J'ai d'ailleurs vraiment aimé la plume de l'autrice. Pleine de jus. Les personnages persistent et m'interpellent régulièrement dans ma vie de tous les jours. Je vois des Karel assez souvent ou je crois en voir lors de mes errances. Plus rarement un Mohand au visage abimé. Beaucoup de chair et de vie données à ces enfants que l'on suit dans leur adolescence ("la mue périlleuse") et dans leurs premières années d'adultes qui ne sont pas les plus simples à vivre non plus. Une tendresse particulière pour l'opulente Choucha.

Puis il y a des scènes très marquantes.

Bouleversantes même.

Certaines violentes, d'autres moins mais intenses toujours. Sexe, shoot, aggression, mise à mort.

De ces paroxysmes acrobatiques où le ridicule guette à chaque adjectif, Rebecca Lighieri se sort très bien, arrivant à ses fins et plongeant les lecteurs dans ce fort courant.

Pas de "Bad sex in fiction award" pour Mme Lighieri donc.

En ce qui concerne la marge accueillante et les exclus inclusifs...j'aimerais y croire mais je ne suis pas totalement convaincu. Cynos de Berge Rase me souffle doucement à l'oreille des réflexions empoisonnées et sarcastiques. Si seulement...

Une autre petite remarque (oui ça fait beaucoup mais je l'aime bien ce livre je le redis) qui m'a fait un peu cligner de l'oeil comme un cornichon trop vinaigré : le mot "go" n'est, à mon avis, pas apparu à Marseille en 1990. Cela est bien plus récent. A moins que ce ne soit le Karel narrateur du 21ème siècle qui l'utilise ? Même réflexion pour "bicrave" en 1998. Je n'ai commencé à l'entendre que vers 2005 et pas sur Marseille dans un premier temps. Pour finir le mot "terma" ??? J'ai toujours dit "tarma" en ce qui me concerne.

Lighieri dit qu'elle a remarqué qu'elle se réservait pour les narrateurs masculins, pour une certaine noirceur. Plus percutante, plus romancée et moins poétique que Bayamack-Tam. Elle se permet plus de violence physique comme dans un pulp. Elle écrit "sous pseudo", et loue l'effet "stupéfiant" que cela convoque chez elle et qui la déshinibe. La trame est déjà présente contrairement aux livres de Bayamack- Tam qui se forgent "chemin faisant".

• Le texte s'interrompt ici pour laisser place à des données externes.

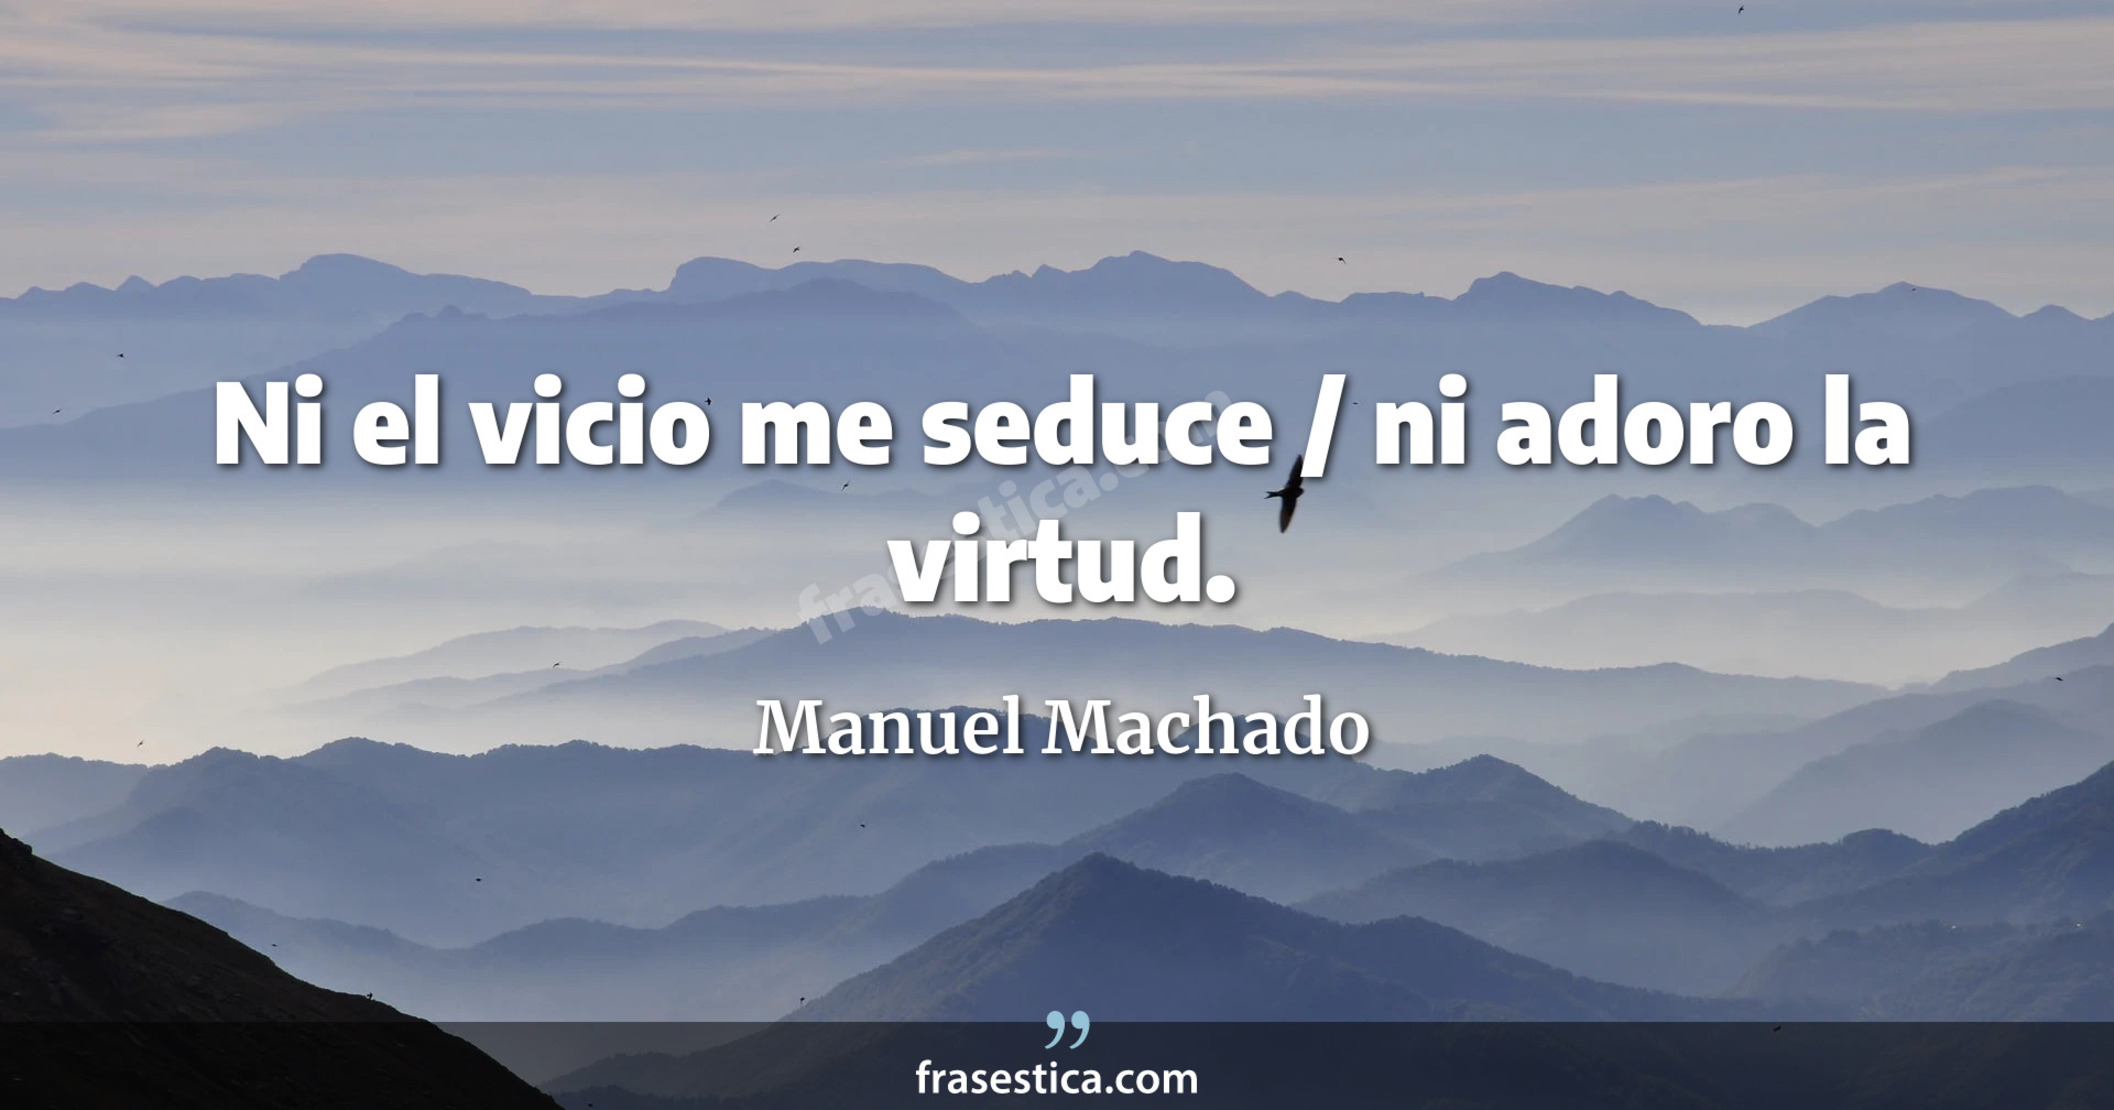 Ni el vicio me seduce / ni adoro la virtud. - Manuel Machado

Philippe Lançon dit que "Lighieri est la version pop de Bayamack-Tam".

Et en parlant de pop, la musique et les chansons des années 1980 à 2000 sont au centre de ce roman. Rebecca Lighieri a construit l'histoire autour d'elles, les laissant infuser dans son esprit pour en colorer les atmosphères, souligner des ambiances et convoquer les souvenirs, pour les chanceux nés dans ces décennies ; pour le meilleur et pour le pire dit-elle. Elle a failli nommer chaque chapitre du titre d'une de ces chansons mais a renoncé en route, craignant l'aspect trop systématique.

Ce livre, malgré quelques irritations, me donne très envie de lire assez vite autre chose de l'autrice quel qu'en soit le nom. Par ricochets, l'envie aussi de découvrir Antonin Artaud dont le titre est une citation et dont L ADN triple fait de poésie, de drogue et de folie irriguent ce roman.

Quelques details amusants aussi, comme la famille Sastre, gitans du passage 50 aux goûts vestimentaires très marqués et dont le nom signifie "tailleur" en espagnol.

Le pseudo Lighieri aussi qui fait de l'oeil à Dante Alighieri.

Je relirai sûrement certains passages bouillonnants, comme on va au musée revoir une oeuvre qui nous a touché.

En tout cas, une lecture qui ne m'a pas épargné. J'aime.